Under this line are the records; repeat exactly the lines starting at the one containing "Guide to Backlinking" and ending at the one containing "Dear Santa please", omitting pictures.

Information given:
☆ ☆ ☆ ☆ ☆ ☆ ☆

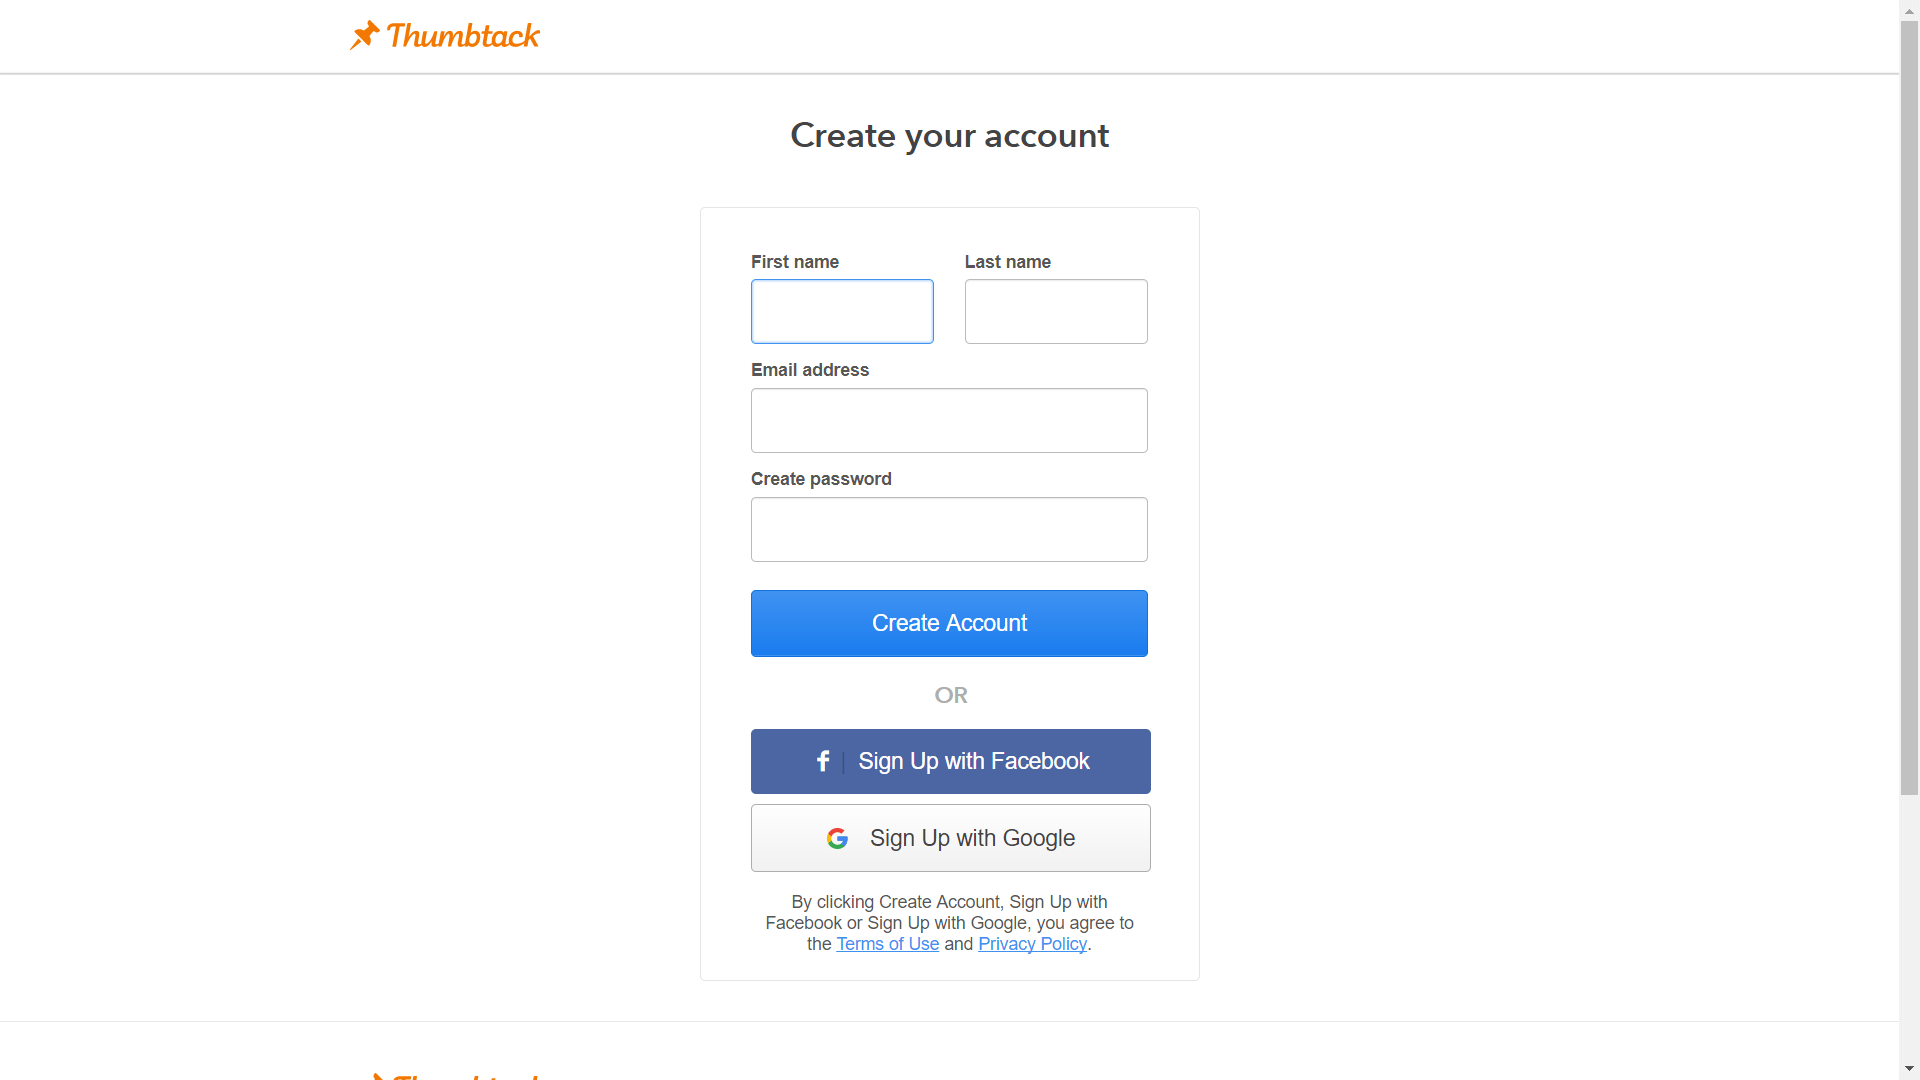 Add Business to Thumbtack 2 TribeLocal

☆ ☆ ☆ ☆ ☆ ☆ ☆

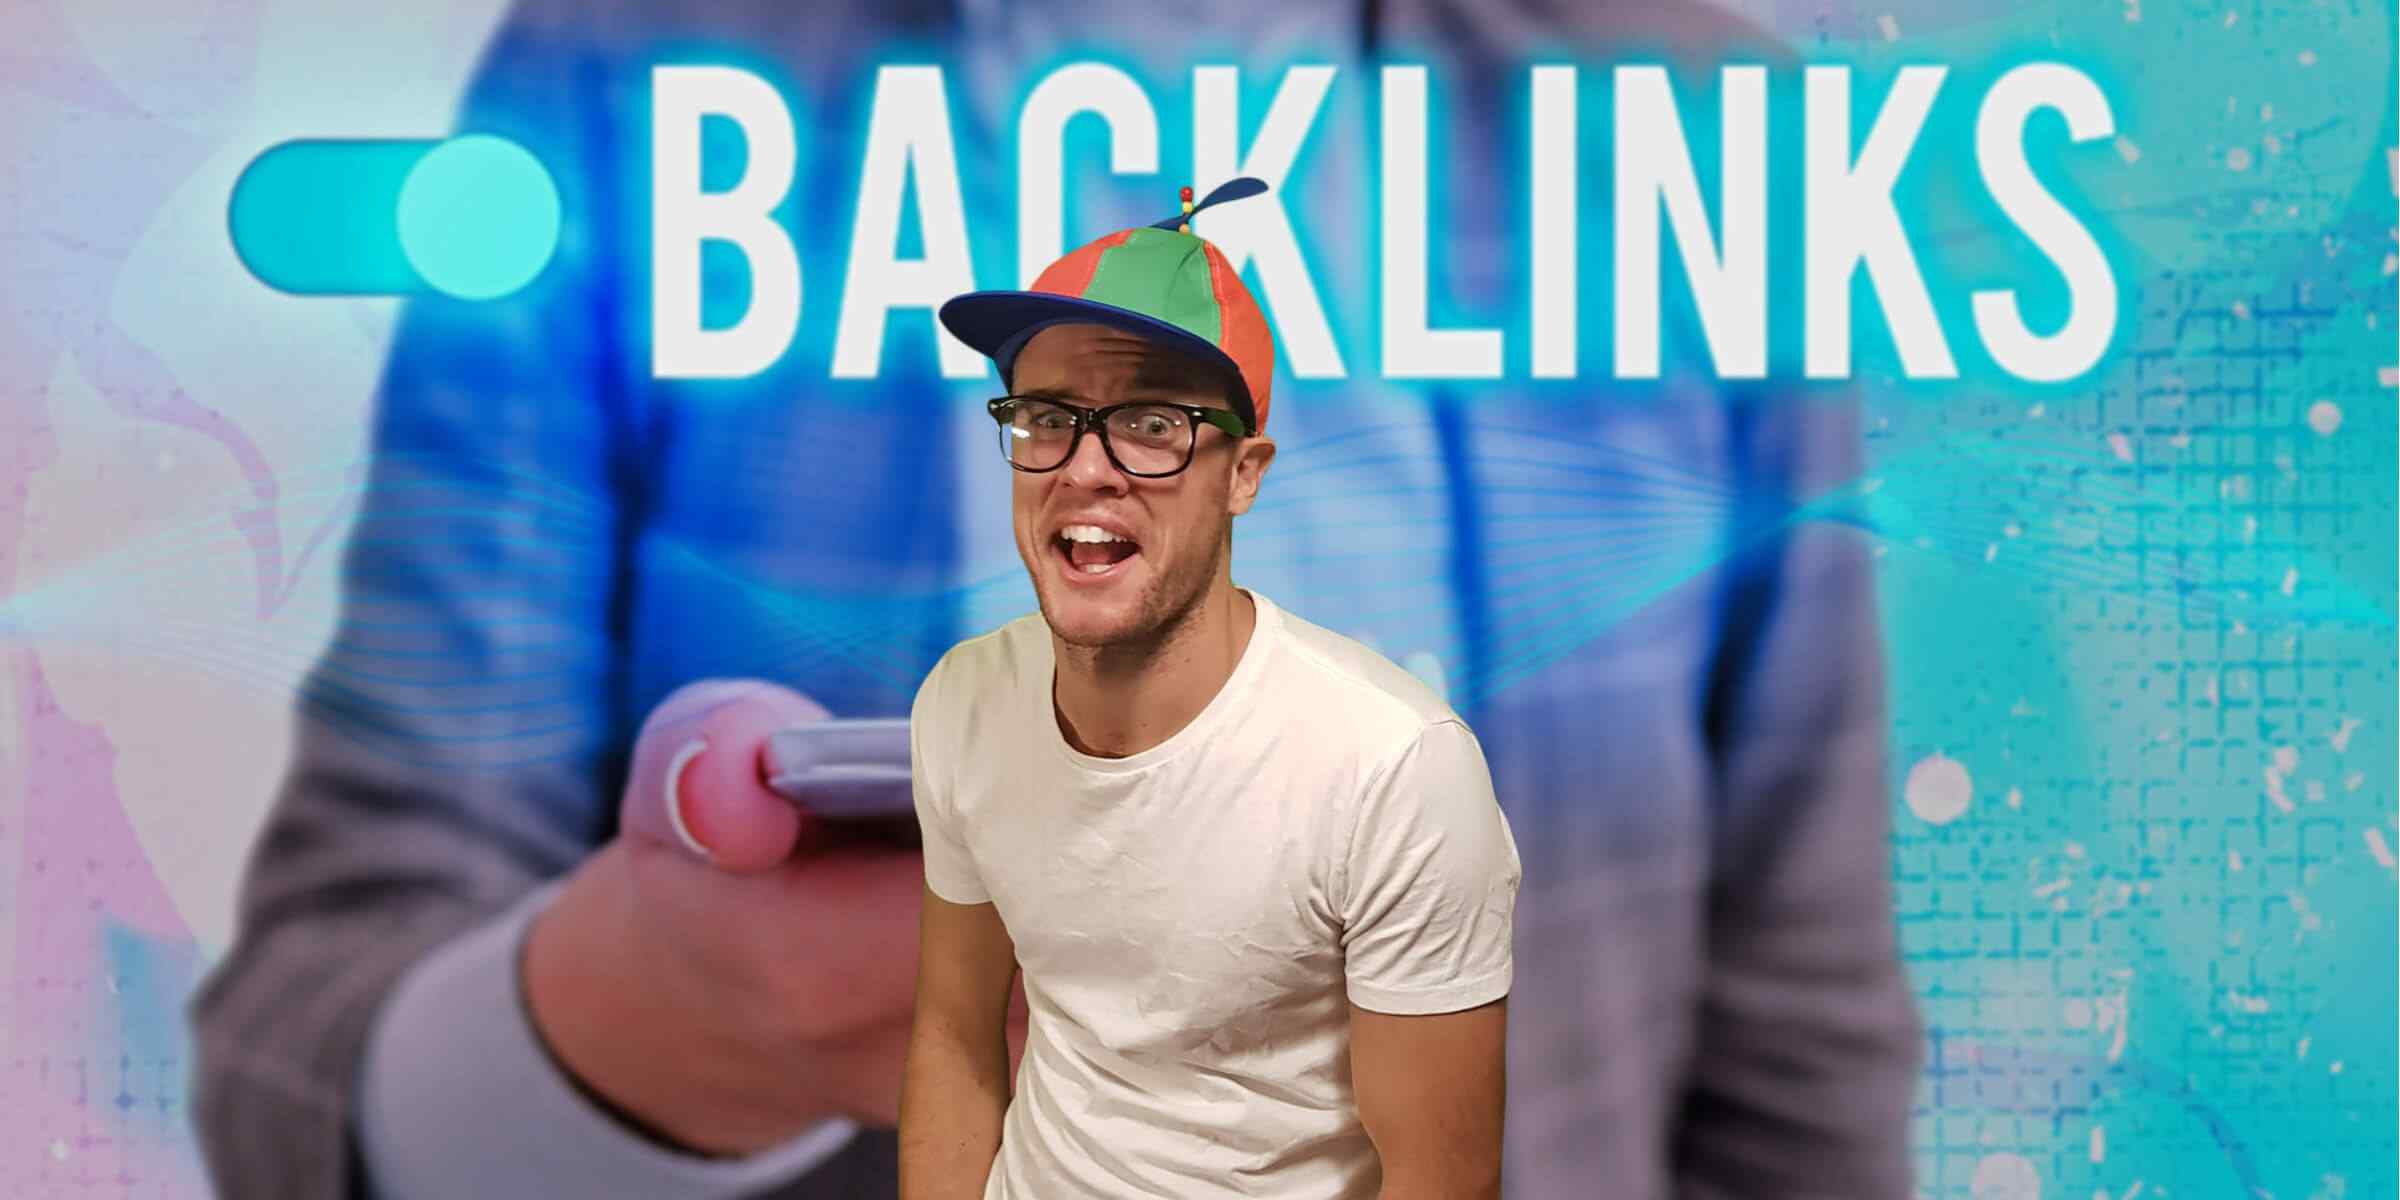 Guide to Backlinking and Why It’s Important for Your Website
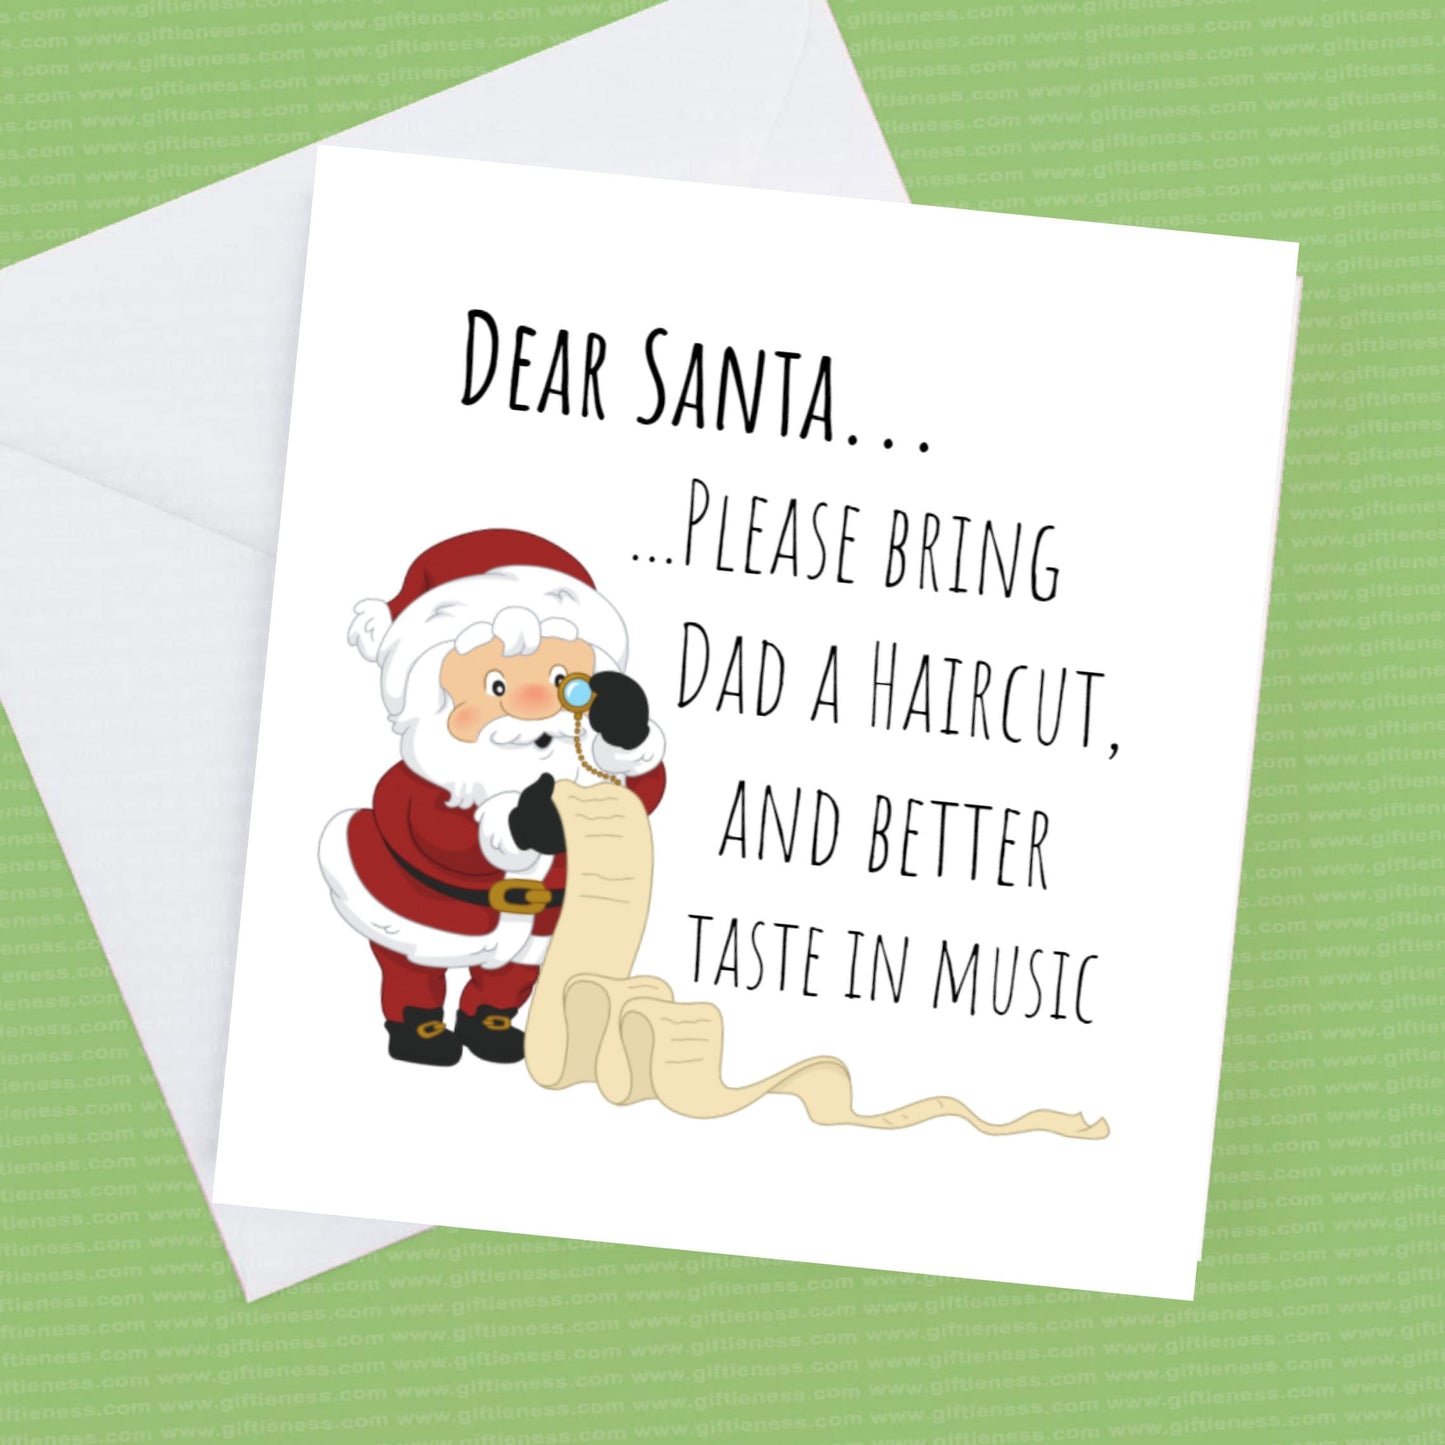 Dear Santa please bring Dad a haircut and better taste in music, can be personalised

☆ ☆ ☆ ☆ ☆ ☆ ☆

Answer box:
 Guide to Backlinking and Why It’s Important for Your Website
 Dear Santa please bring Dad a haircut and better taste in music, can be personalised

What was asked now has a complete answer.